[DATASET ENTRIES]
----

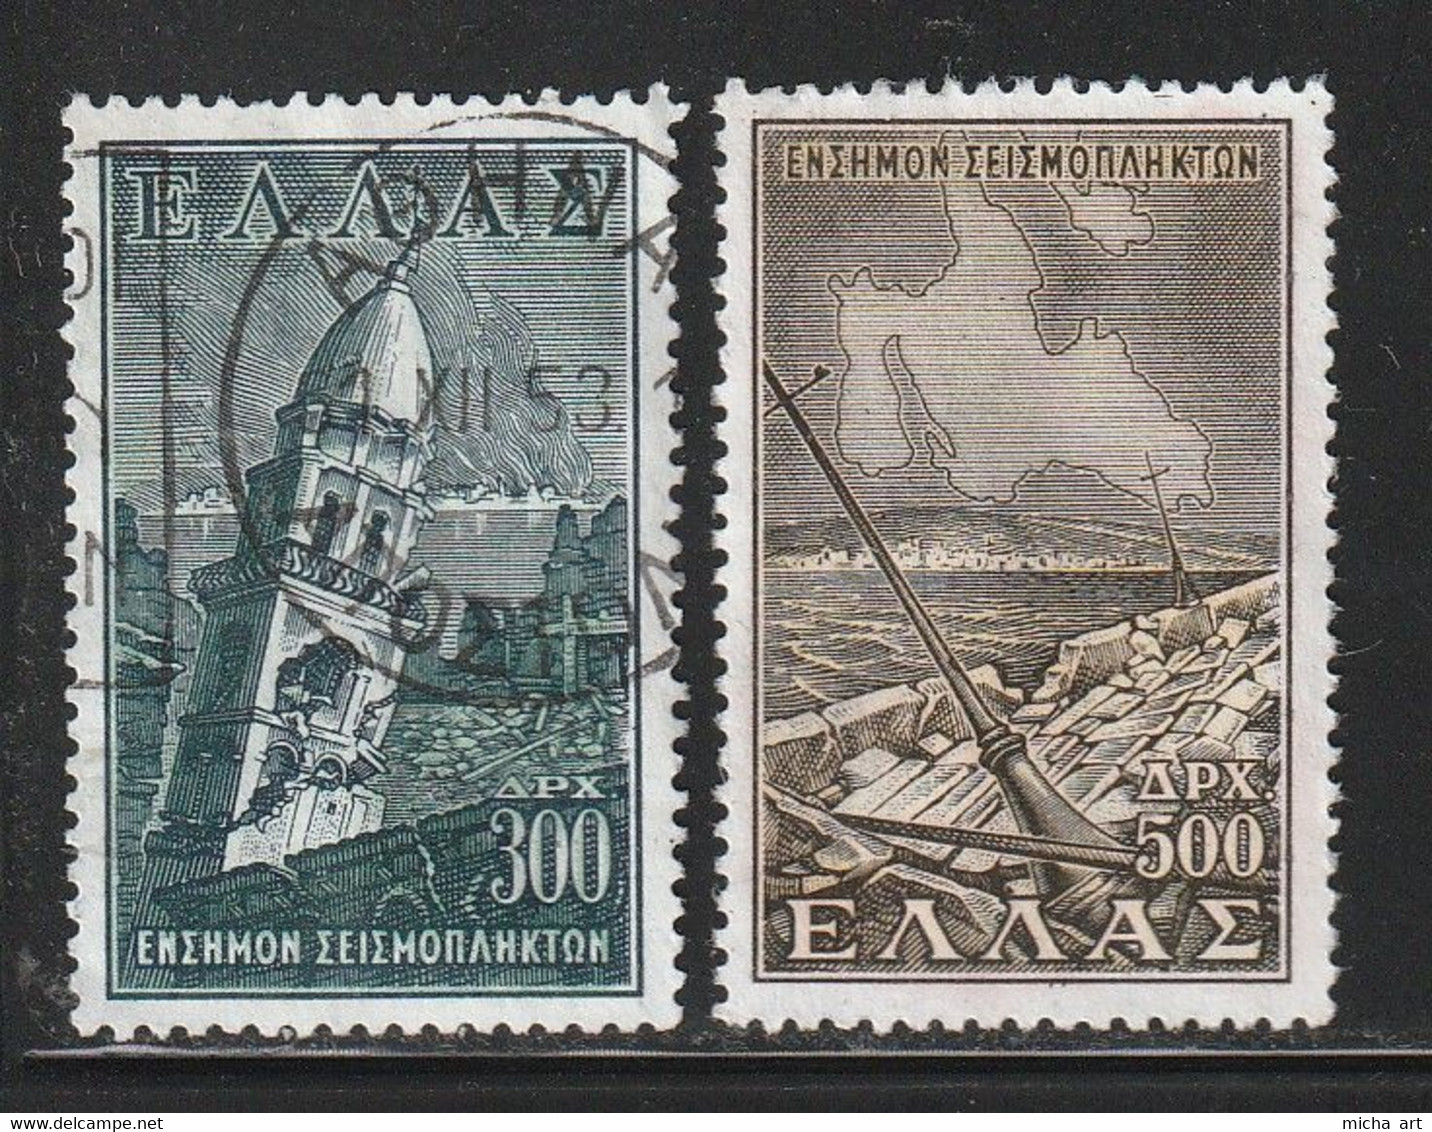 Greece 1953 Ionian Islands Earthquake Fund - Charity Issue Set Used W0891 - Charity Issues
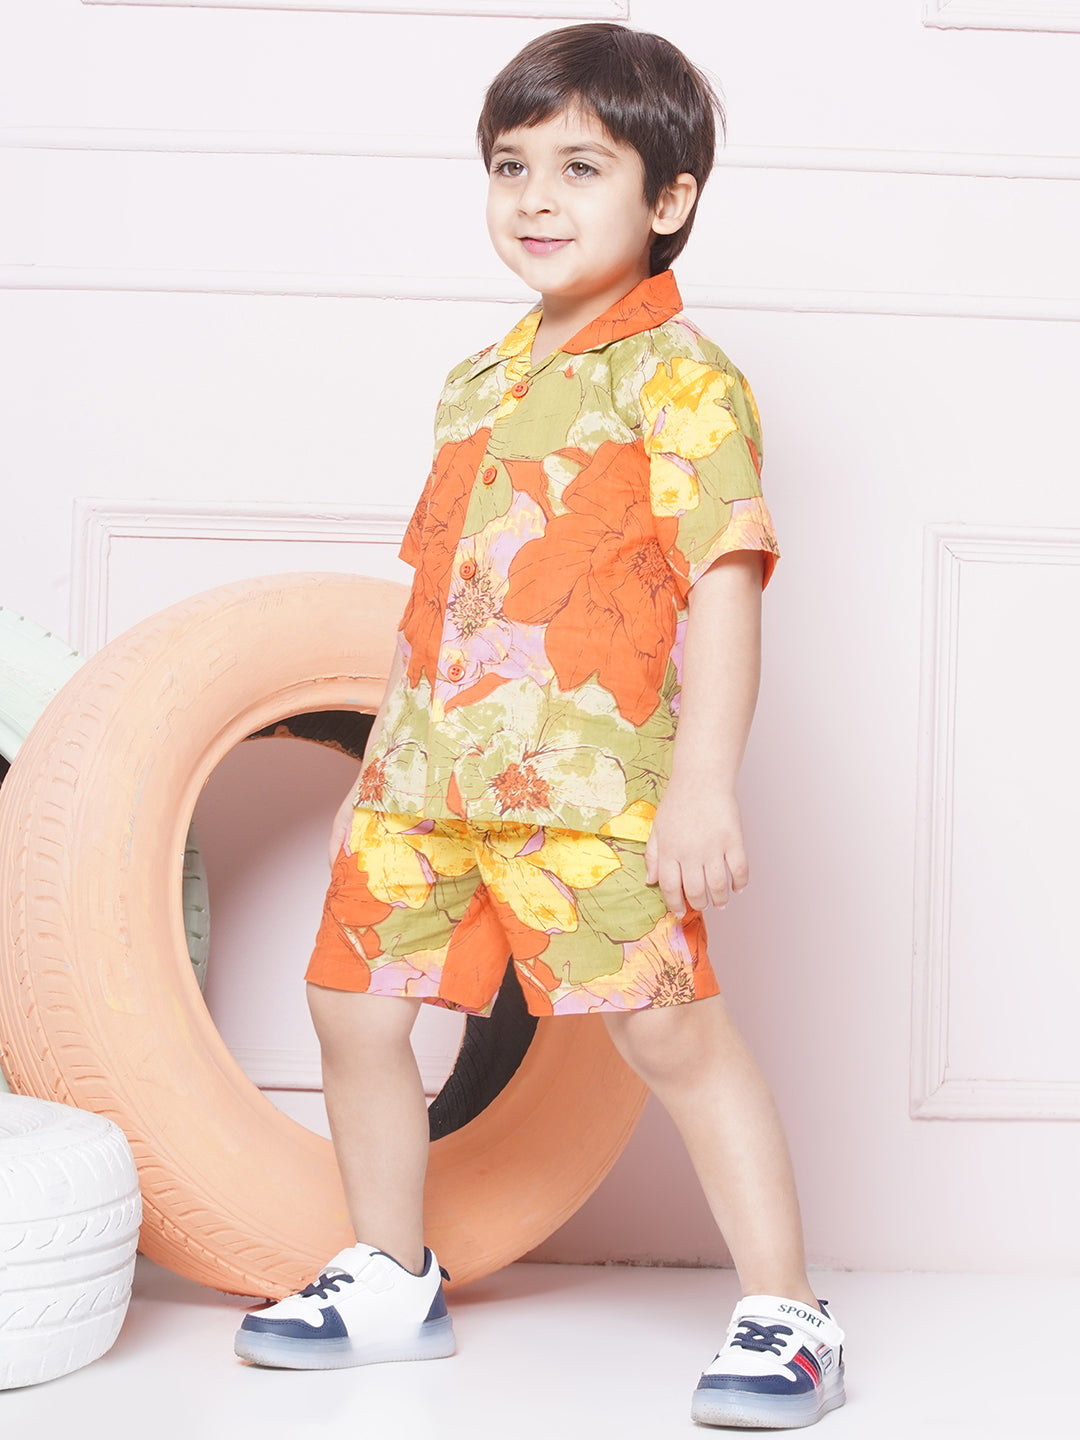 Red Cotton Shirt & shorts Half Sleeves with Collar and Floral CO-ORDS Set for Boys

----

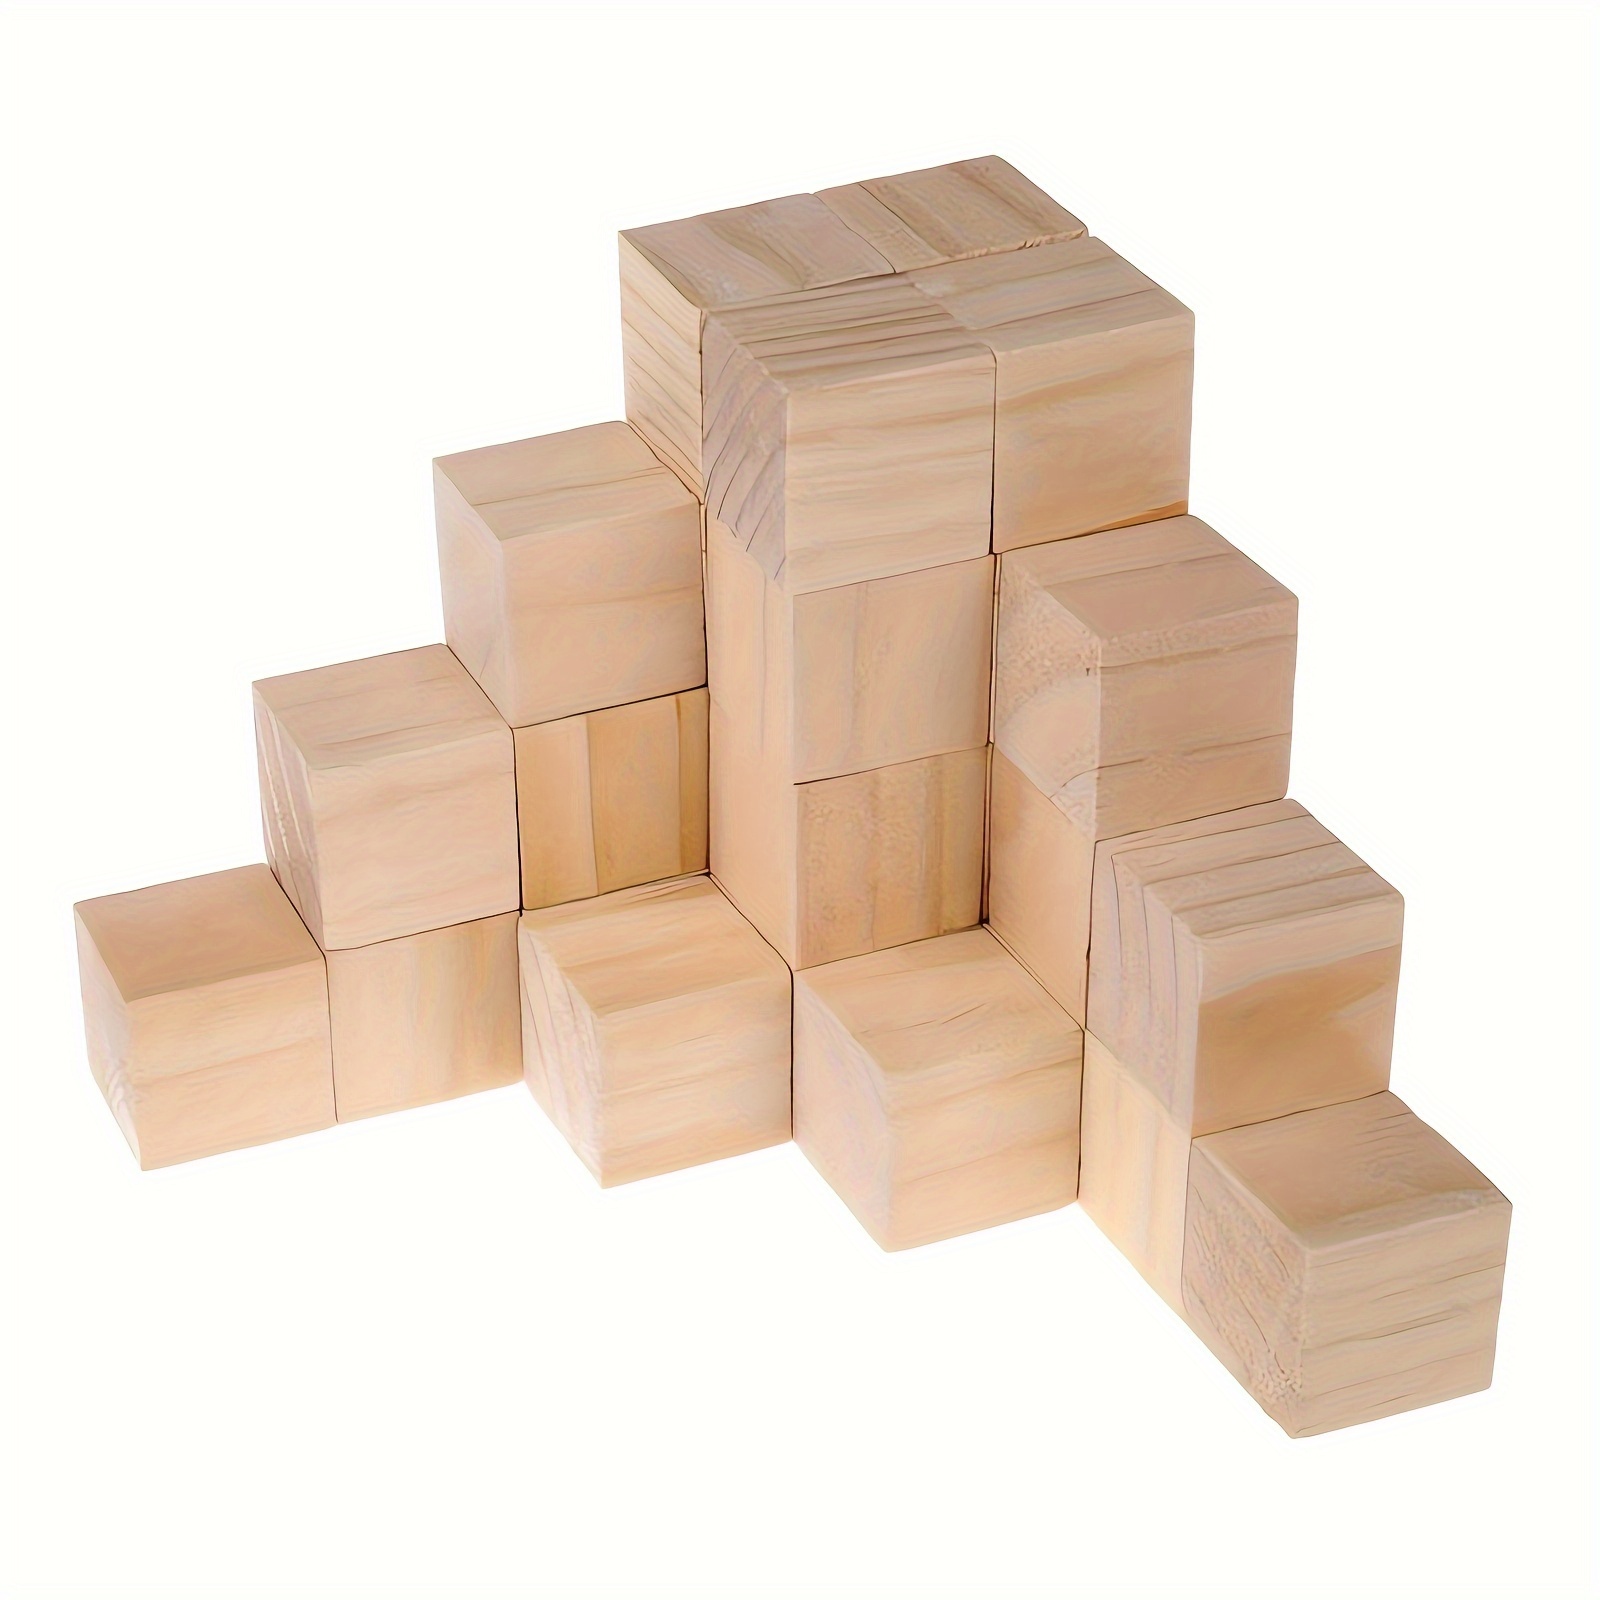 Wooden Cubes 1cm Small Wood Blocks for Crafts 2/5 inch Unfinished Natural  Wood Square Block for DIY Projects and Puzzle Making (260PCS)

----

[WORK ORDER] What are the lines above from the one with "Greece 1953 Ionian" to the one with "Red Cotton Shirt", both included? Reproduce them exactly, without pictures.

[SOLVED PROBLEM]
 Greece 1953 Ionian Islands Earthquake Fund - Charity Issue Set Used W0891 - Charity Issues
 Red Cotton Shirt & shorts Half Sleeves with Collar and Floral CO-ORDS Set for Boys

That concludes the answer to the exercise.